Embedding Models | Prediction Guard

This page provides information on the Embedding models that are available in the Prediction Guard API. These models are designed for embeddings generation using text and images, and are used in the /embeddings endpoint.

Models

Model Name	Type	Use Case	Context Length	More Info
bge-m3	Embedding Generation	Used for generating text embeddings	8192	link
multilingual-e5-large-instruct	Embedding Generation	Used for generating text embeddings	512	link
bridgetower-large-itm-mlm-itc	Embedding Generation	Used for generating text and image embedding	100	link

Model Descriptions

bge-m3

BGE-M3 is a highly versatile retrieval model excelling in Multi-Functionality, Multi-Linguality, and Multi-Granularity making it a powerful choice for retrieval-based AI applications.

Type: Embedding Generation Use Case: Used for generating text embeddings : Dense Retrieval, Multi-Vector Retrieval, Sparse Retrieval, RAG Pipelines

https://huggingface.co/BAAI/bge-m3

BGE-M3 is designed to enhance retrieval accuracy by seamlessly supporting multiple retrieval methods,
handling multiple languages, and processing inputs of varying lengths.

Multi-Functionality: Supports dense retrieval, multi-vector retrieval, and sparse retrieval simultaneously
Multi-Linguality: Capable of processing 100+ languages, making it suitable for global applications
Multi-Granularity: Handles different input sizes, from short sentences to long documents (up to 8192 tokens)

Recommended Retrieval Pipeline for RAG To maximize retrieval performance, the following approach is suggested:

Hybrid Retrieval: Combines embedding retrieval with sparse retrieval (e.g., BM25) for higher accuracy and generalization
Re-Ranking: Utilize bge-reranker-v2-m3, a model supported on our platform, for enhanced retrieval accuracy

multilingual-e5-large-instruct

Multilingual-e5 is a multilingual model for creating text embeddings in multiple languages.

Type: Embedding Generation
Use Case: Used for Generating Text Embeddings

https://huggingface.co/intfloat/multilingual-e5-large-instruct

multilingual-e5-large-instruct is a robust, multilingual embedding model with 560 million parameters and a dimensionality of 1024, capable of processing inputs with up to 512 tokens. This model builds on the xlm-roberta-large architecture and is designed to excel in multilingual text embedding tasks across 100 languages. Trained through a two-stage process, it first undergoes contrastive pre-training on one billion weakly supervised text pairs, followed by fine-tuning on diverse multilingual datasets from the E5-mistral paper.
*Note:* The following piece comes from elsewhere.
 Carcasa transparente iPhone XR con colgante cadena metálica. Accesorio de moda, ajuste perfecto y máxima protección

With state-of-the-art performance in text retrieval and semantic similarity, this model demonstrates impressive results on the BEIR and MTEB benchmarks. Users should note that task instructions are crucial for optimal performance, as the model leverages these to customize embeddings for various scenarios. Although the model generally supports 100 languages, performance may vary for low-resource languages.

With a training approach that mirrors the English E5 model recipe, it achieves comparable quality to leading English-only models while offering a multilingual edge.
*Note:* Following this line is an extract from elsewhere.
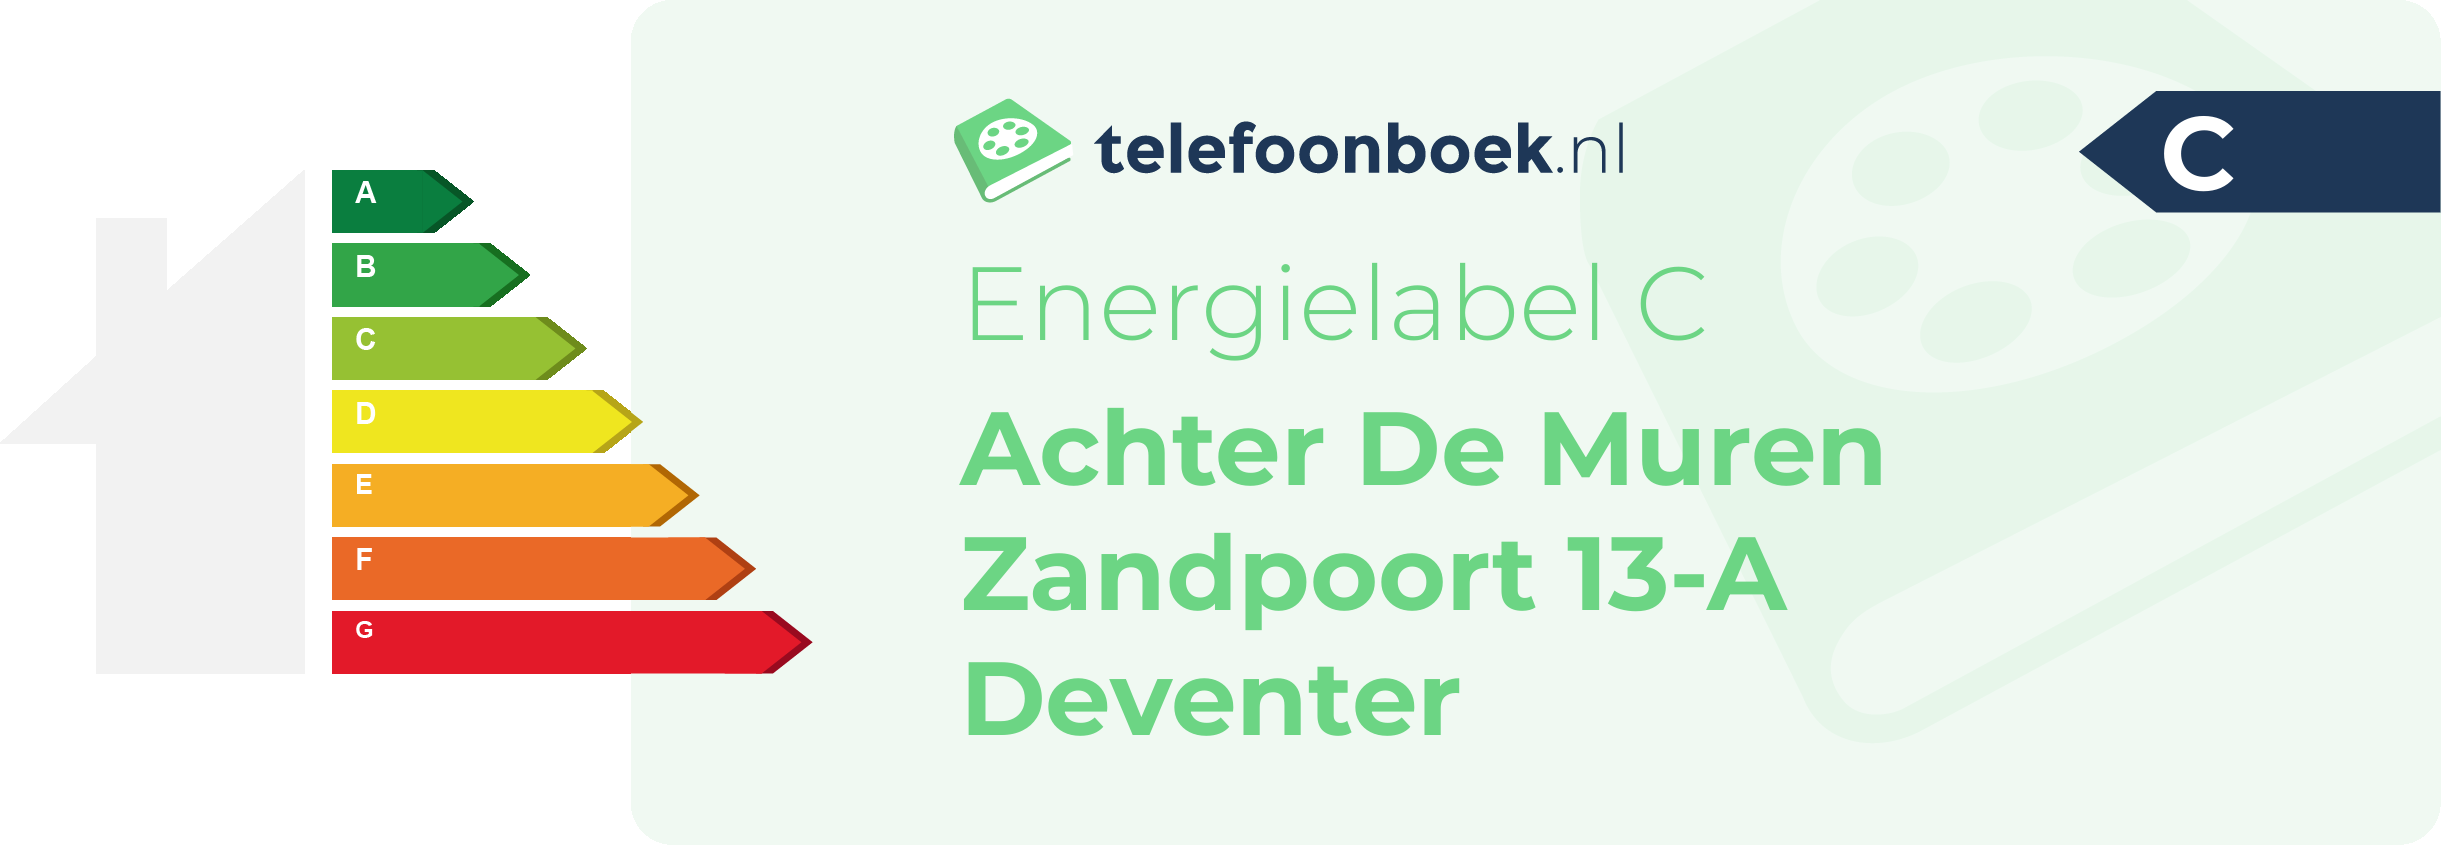 Energielabel Achter De Muren Zandpoort 13-A Deventer

bridgetower-large-itm-mlm-itc

BridgeTower is a multimodal model for creating joint embeddings between images and text.

Type: Embedding Generation
Use Case: Used for Generating Text and Image Embedding

https://huggingface.co/BridgeTower/bridgetower-large-itm-mlm-itc

BridgeTower introduces multiple bridge layers that build a connection between the top layers of uni-modal encoders and each layer of the cross-modal encoder. This enables effective bottom-up cross-modal alignment and fusion between visual and textual representations of different semantic levels of pre-trained uni-modal encoders in the cross-modal encoder. Pre-trained with only 4M images, BridgeTower achieves state-of-the-art performance on various downstream vision-language tasks. In particular, on the VQAv2 test-std set, BridgeTower achieves an accuracy of 78.73%, outperforming the previous state-of-the-art model METER by 1.09% with the same pre-training data and almost negligible additional parameters and computational costs. Notably, when further scaling the model, BridgeTower achieves an accuracy of 81.15%, surpassing models that are pre-trained on orders-of-magnitude larger datasets.